Well, I have researched this a little bit, but have not found anything that specifies MS yet. I found a site that talks about Parental Rights Termination in the event that the child is being adopted. I do not see anything that says by a new husband or an entirely new family, though, I am sure there are stipulations somewhere. The following is from the site:
"Uncontested Terminations
Unlike legal fathers, putative fathers can authorize a court to terminate their parental rights without going to court. There are two consensual methods by which their parental rights can be terminated without a court appearance.
The simplest method of termination involves three steps. First, the birth mom completes and files with the court a Petition to Issue Notice of Intent to Release or Consent and Notice of Intent to Release or Consent (PCA 313 and 314 respectively). Second, the putative father must be personally served with a Notice of Intent to Release or Consent (PCA 314) after it has been filed with the court and signed by the Probate Register. Third, file with the court the proof of service demonstrating that the putative father was served more than 30 days before the estimated date of confinement, which is disclosed on the face of PCA 314. The failure of the putative father to file an objection and request for custody prior to the birth of the child authorizes the court to terminate his parental rights. In other words, after the completion of the three above-described steps, the putative father’s inaction provides the court with authorization to presume his consent to the termination of his parental rights without any further efforts to notify him or seek his actual consent.
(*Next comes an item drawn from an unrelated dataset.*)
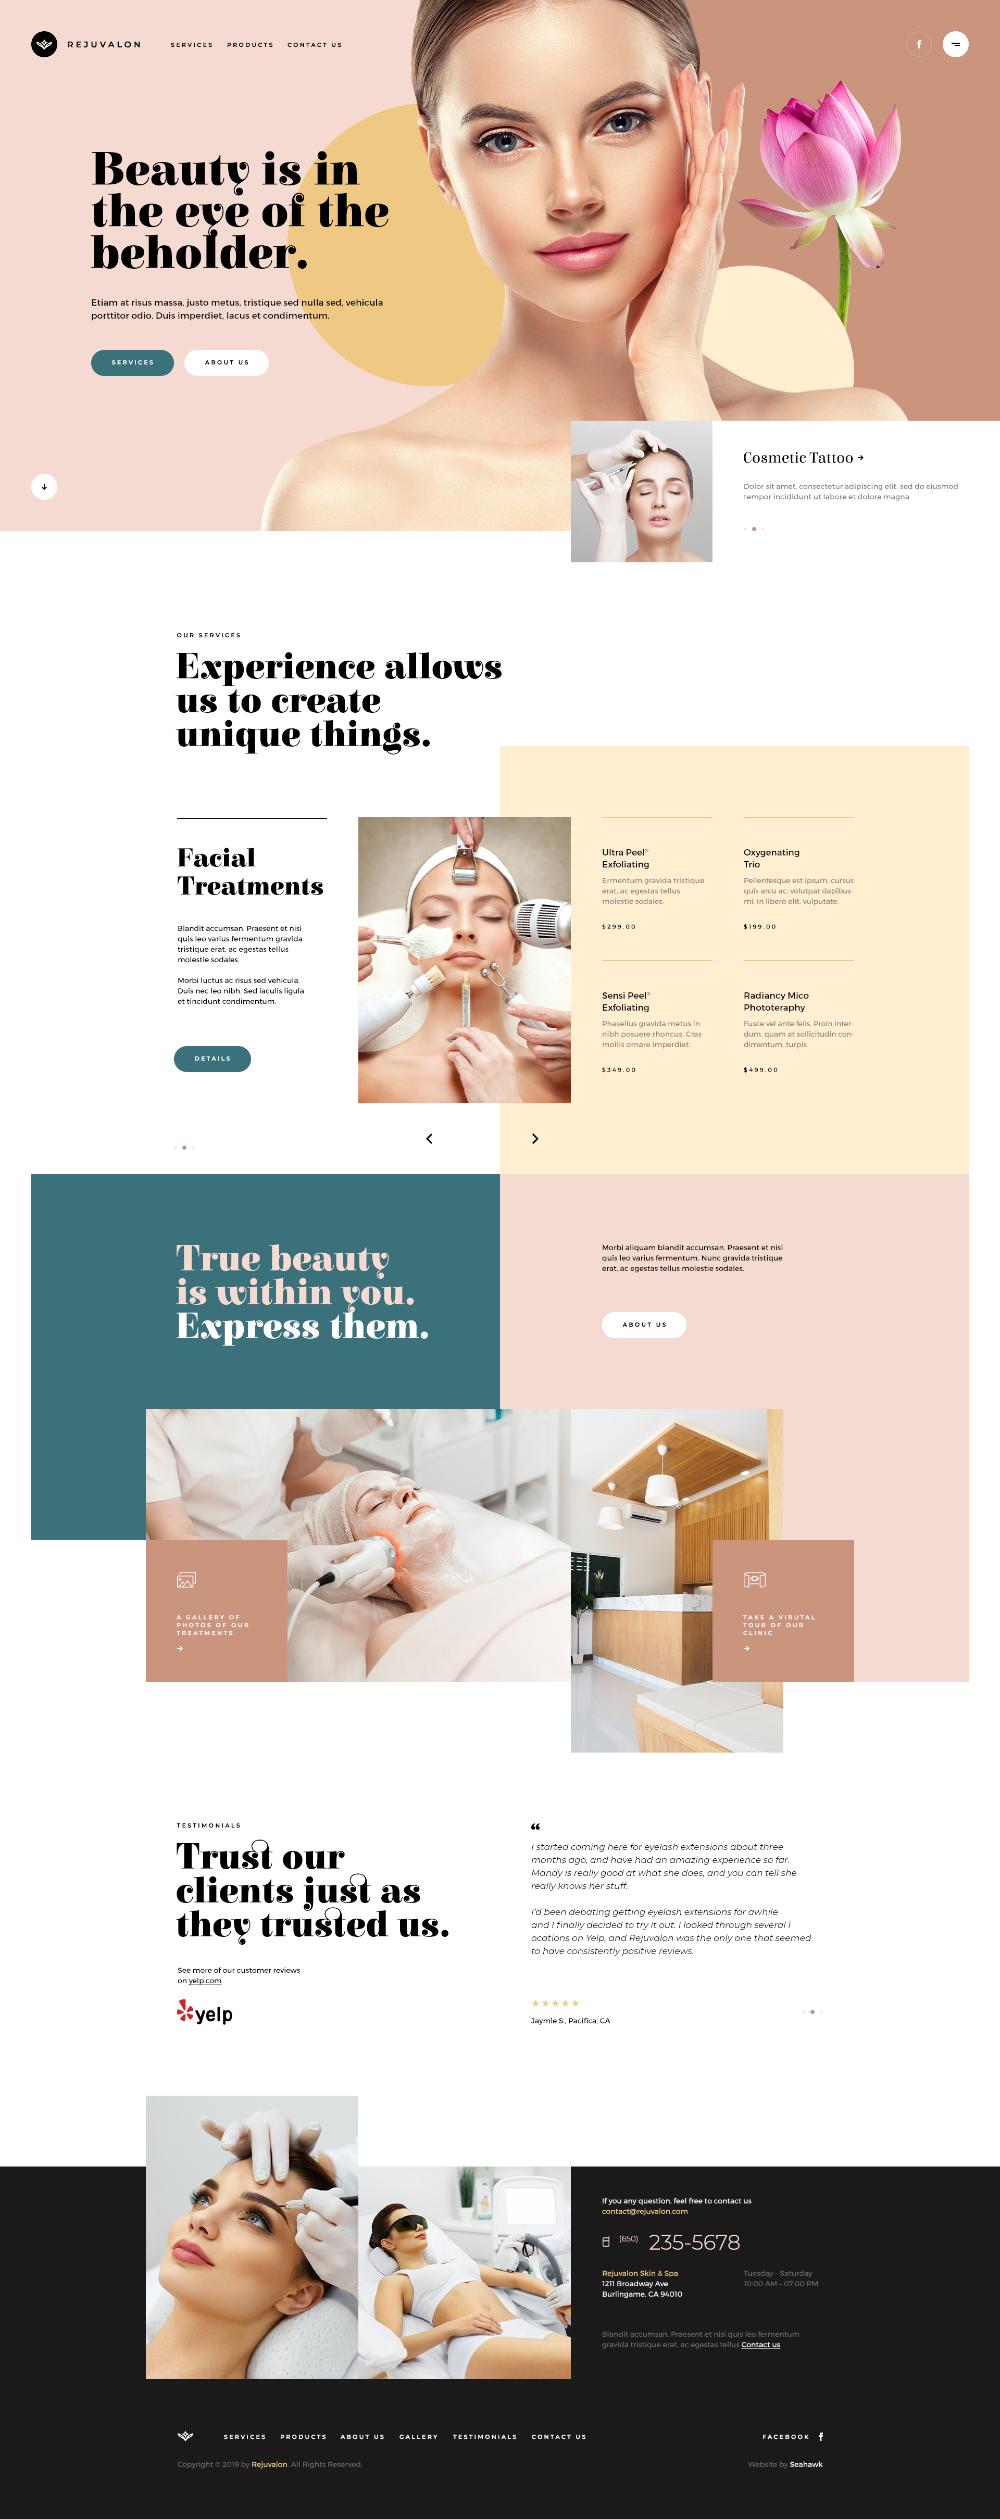 Rejuvalon 100 Png Web Layout Design Web Design Tips Cosmetic Web

The other method of terminating parental rights of putative fathers without a court appearance allows the putative father to sign a form called Notice to Putative Father and Custody Statement (PCA 316). It notifies the court that he does not object to the termination of his parental rights. This form must be signed in front of a witness, whose name and address is also listed on the form. After the putative father signs the form, the witness must also sign the form. Once the putative father has completed this form and it has been filed with the clerk’s office, the court is authorized to terminate his rights without him ever having to appear in court.
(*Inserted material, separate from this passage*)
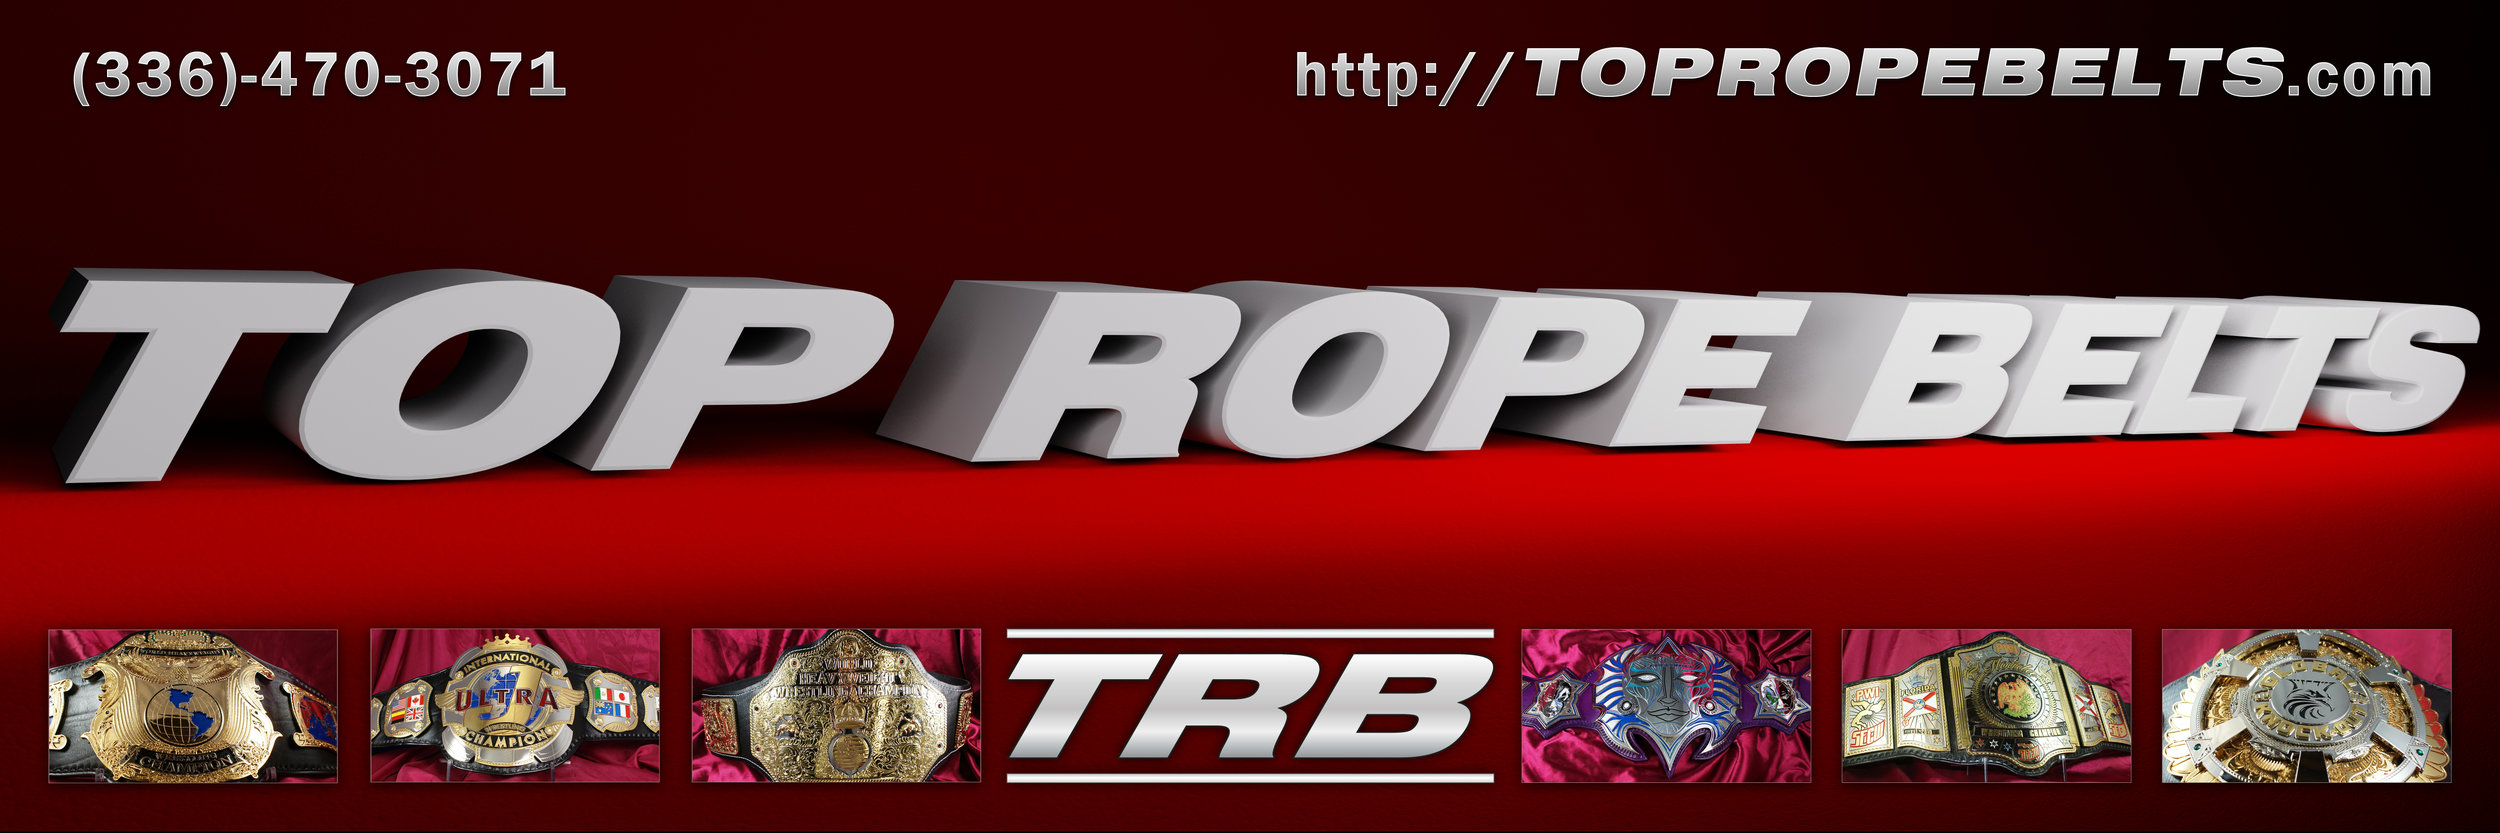 trb_ring_banner-6.jpg

PCA 316 affords a lot of flexibility to a putative father. It contains three options for identifying his status. Option one allows him to unequivocally acknowledge paternity and simultaneously deny ‘‘any interest in the custody of the child.’’ Option two allows him to equivocate. It states that he ‘‘may be the father of the child’’ and that he denies any interest in the custody of the child. Option three allows him to simply deny that he is the father of the child. Regardless of the option he selects, after the court receives his executed form and any other evidence it deems appropriate, it is authorized to terminate his parental rights, so the adoption can proceed.
When dealing with multiple putative fathers, one troubling issue can be identifying the actual biological father. One method, that involves some financial cost and time delay (but may provide a definitive answer), is of course DNA testing. Alternatively, either of the two methods described above for the consensual termination of a putative father can be used for the consensual termination of multiple potential putative fathers. This method lacks the scientific certainty of DNA identification of the actual father, but also avoids the potential disadvantages of the costs associated with testing multiple potential fathers. One might argue that terminating multiple fathers (without DNA testing) involves some risk that none of the men identified are the biological father, who may some day show up and disrupt the adoption. However, the adoption attorney should discuss this potential issue with his or her client and the parties select the option that makes the most sense in their set of facts."
I want to add that there is the use of the word "putative" which means "supposed" when dealing with the father. If there was DNA testing or similar then he would not qualify under the suposed description. I am not saying you should do this purely to get out of supporting the child, however, many courts might do it for the "best interest of the child" especially if your husband has had no custodial relationship with the child.